The law here allows AC to order dogs PTS so that they can cut off the head of unvaxed dogs on the FIRST bite here. The reason is that you can't diagnose rabies without an autopsy. Titers here count as "unvaxed" -- but they might let you quarantine at the shelter instead of killing your dog.

If your dog is vaxed, you get an order for a 10-day hold in the "bite room" of the shelter, which is like a psych ward of crazy dogs. The dogs are kenneled 24/7, without any walks or human contact other than getting their food through a slot. If you're nice, have a good vet history with a documented relationship and a vet who is agreeable, and the AC director likes you, he can allow the quarantine to be at your cost at your vet's clinic -- boarding there, with the vet submitting a report that the dog is symptom-free in 10-days. If you're REALLY nice and responsible, he can allow it to be at home -- no visitors, sign on the door that dog present is under rabies quarantine, etc. They might notify neighbors too. Nobody has a right to that though.

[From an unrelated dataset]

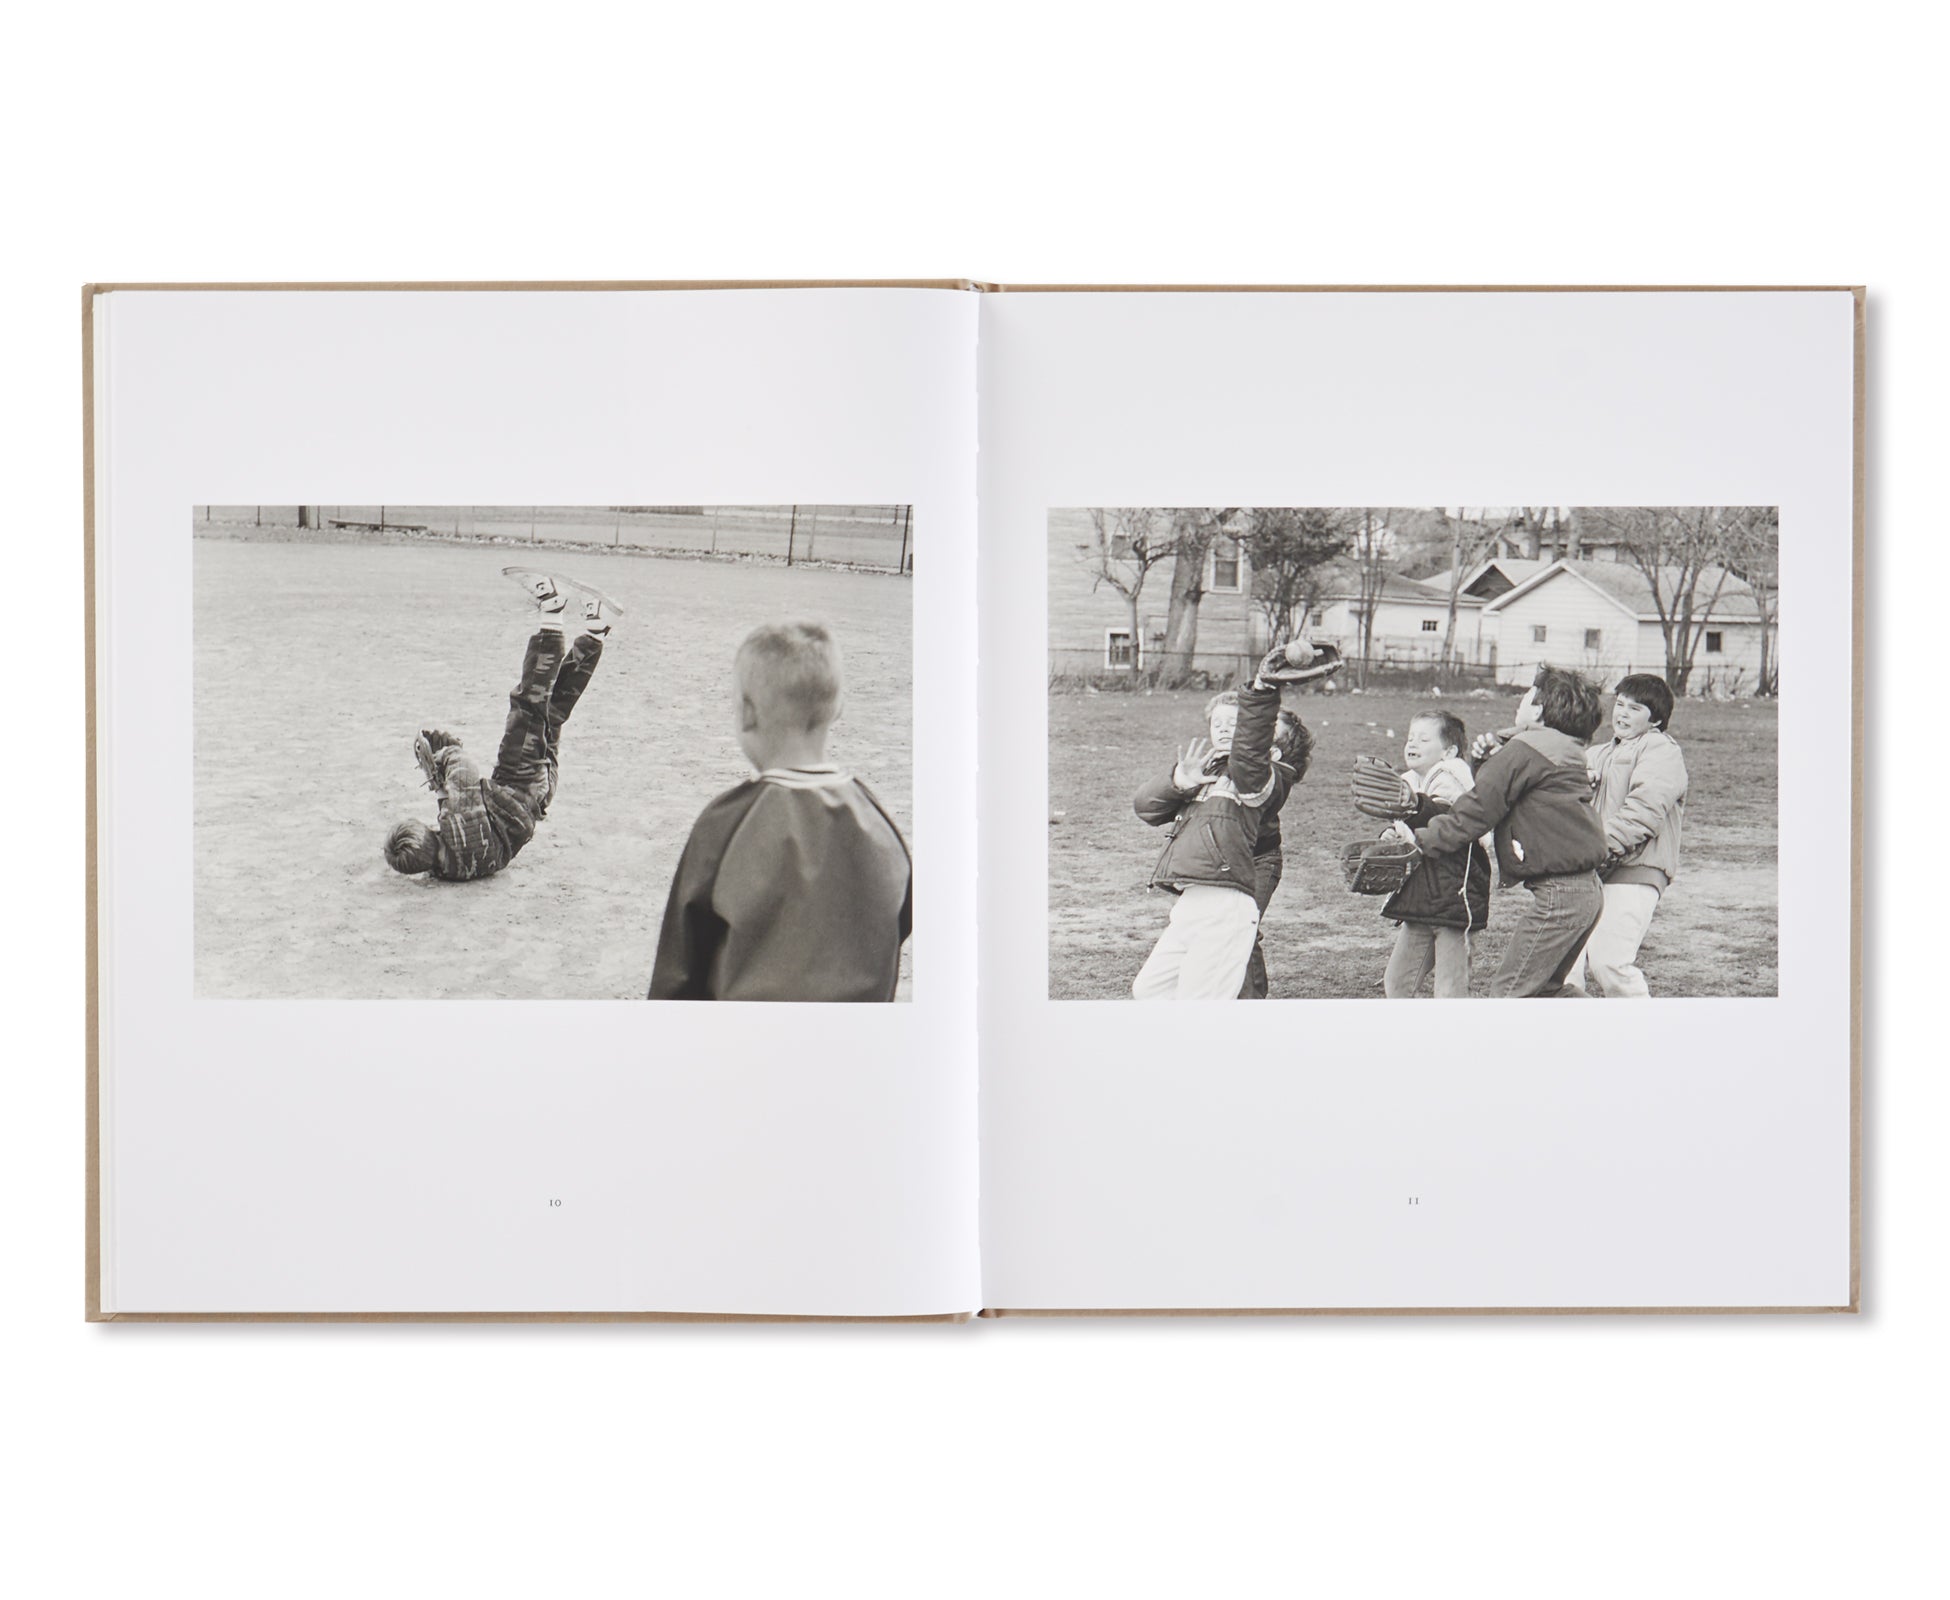 THE PLAYERS by Mark Steinmetz

I once had to go to bat for a 12-week-old GSD puppy that had been ordered to be held on rabies quarantine pending euthanasia. He had a euthanasia order hanging over him because he SCRATCHED a child on walk by bounding up and jumping, and the parents of the child reported it. His family relinquished him to AC to avoid future liability for a "dangerous dog." This was a totally normal, good puppy just being a puppy -- they were newbies who had thought he was turning aggressive because of normal mouthing, so this was the last straw for them. Once the AC people heard "biting at home" on top of the scratch of the child, the pup was done for. The shelter vet and I had to beg the AC Director to give him a break because the whole thing was idiots who didn't understand normal breed behavior -- luckily, the AC Director was a "Doberman guy" and agreed to let the pup off of death row if rescue would take responsibility for him, but it was a lot of work to make it happen. The pup literally had a PTS-order for 5PM that day, so I had to get him out before then. The handsome little fart was a perfectly normal, rascally pup who grew up too be a magnificent dog with a wonderful temperament with a breed-experienced family. He's fabulous with their grandkids, goes with them on vacations, and is generally the poster-dog for what everybody wants in a family pet.


----------



## CactusWren (Nov 4, 2018)

Just got off the phone with AC. They were nice and all, but the upshot is I have to send over rabies proof and Jupiter is quarantined for 10 days. 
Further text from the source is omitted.